# new to this, help please...



## newbiefishgal (Mar 24, 2008)

Just started with some live bearers. We have 2 green coral guppies and 2 marigold swordtails. I think the female swordtail is pregnant, but I am not sure. Today, she has been hiding a lot and lying near the bottom of the aquarium. We have a 29 gallon tank. Besides the guppies and swordtails, we also have 2 catties, 2 plecos, a tri colored shark, 2 angel fish (all of these were purchased yesterday 3/22/08). There are also 2 other fish in with them, but not sure exactly what they are anymore. We've had them a few years now. Is it possible the female swordtail IS getting ready to drop her fry, or is she distressed after the new environment? Any help would be appreciated here. Thanks in advance.


----------



## amypicot (Mar 13, 2008)

hi something was wrong with the website, i have replied to this saying angelfish and guppies shouls not be kept together i bet if you look the tails of the guppies will be nipped


----------



## Guest (Mar 26, 2008)

The site was hacked and in order to get it up and running again, we had to go back a few days.

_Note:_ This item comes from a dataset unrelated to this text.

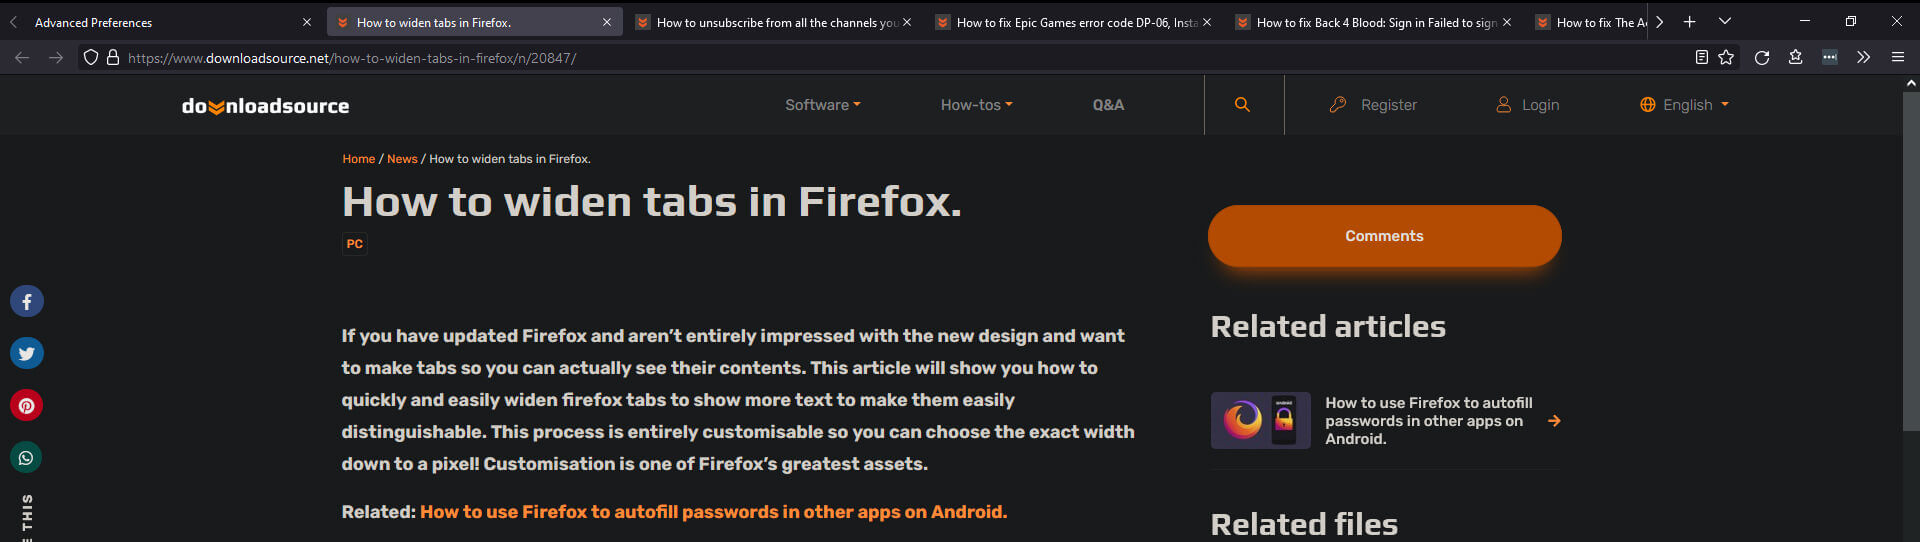 how to widen firefox tabs to show more text

http://www.fishforums.com/forum/news/19811-sorry-downtime.html


----------



## amypicot (Mar 13, 2008)

thanks, pleased we are up and running again. 
so i don't know if your swordtail is pregnant by what you said but i really think you should read up on angelfish even though they look peaceful they are tail nippers


----------



## newbiefishgal (Mar 24, 2008)

spoke to the fish aquarium place today where I got the fish and they angel fish are fine to put in with guppies. so far they haven't been going after them.


----------



## newbiefishgal (Mar 24, 2008)

Just looked in tank and the above mentioned female Swordtail was dead. Took her out and other than being dead, she didn't look like she had been sick, had no Ick, or anything else I could see. wondering if she dies trying to drop her fry?


----------



## amypicot (Mar 13, 2008)

maybe she was just stressed from the move, 
i don't know what your fish place are talking about, i brought a angel fish from a girl at the fish shop that had no idea what she was talking about, took the angel fish home and then read in the book that you can't keep guppies and angelfish together, the next day half my guppies tail was missing, when i took the angel fish back the guy (who does know what he is talking about) said they should never have been sold to me if i had guppies, you may not believe me but have a look in a few books, i am not lying to you


----------



## amypicot (Mar 13, 2008)

http://www.aquariumfish.net/catalog_pages/cichlids_neotropical/angels_assorted.htm


----------



## amypicot (Mar 13, 2008)

http://www.timstropicals.com/Compatibility/MatchResults.asp just a couple of sites that say they should not be kept together


----------



## emc7 (Jul 23, 2005)

You've added a lot of fish in a short time. Did you acclimate them? How long has the tank been set up. Whenever a fish dies, have the water quality tested.

My problem with your angels isn't the company, its the size of the tank. In a large, heavily-planted tank, the angels with eat guppy fry and leave the parents alone. A twenty-nine is a good size for one full-grown pair of angels that like each other with no other fish. If you are not already overstocked, you will be when your fish grow up.


----------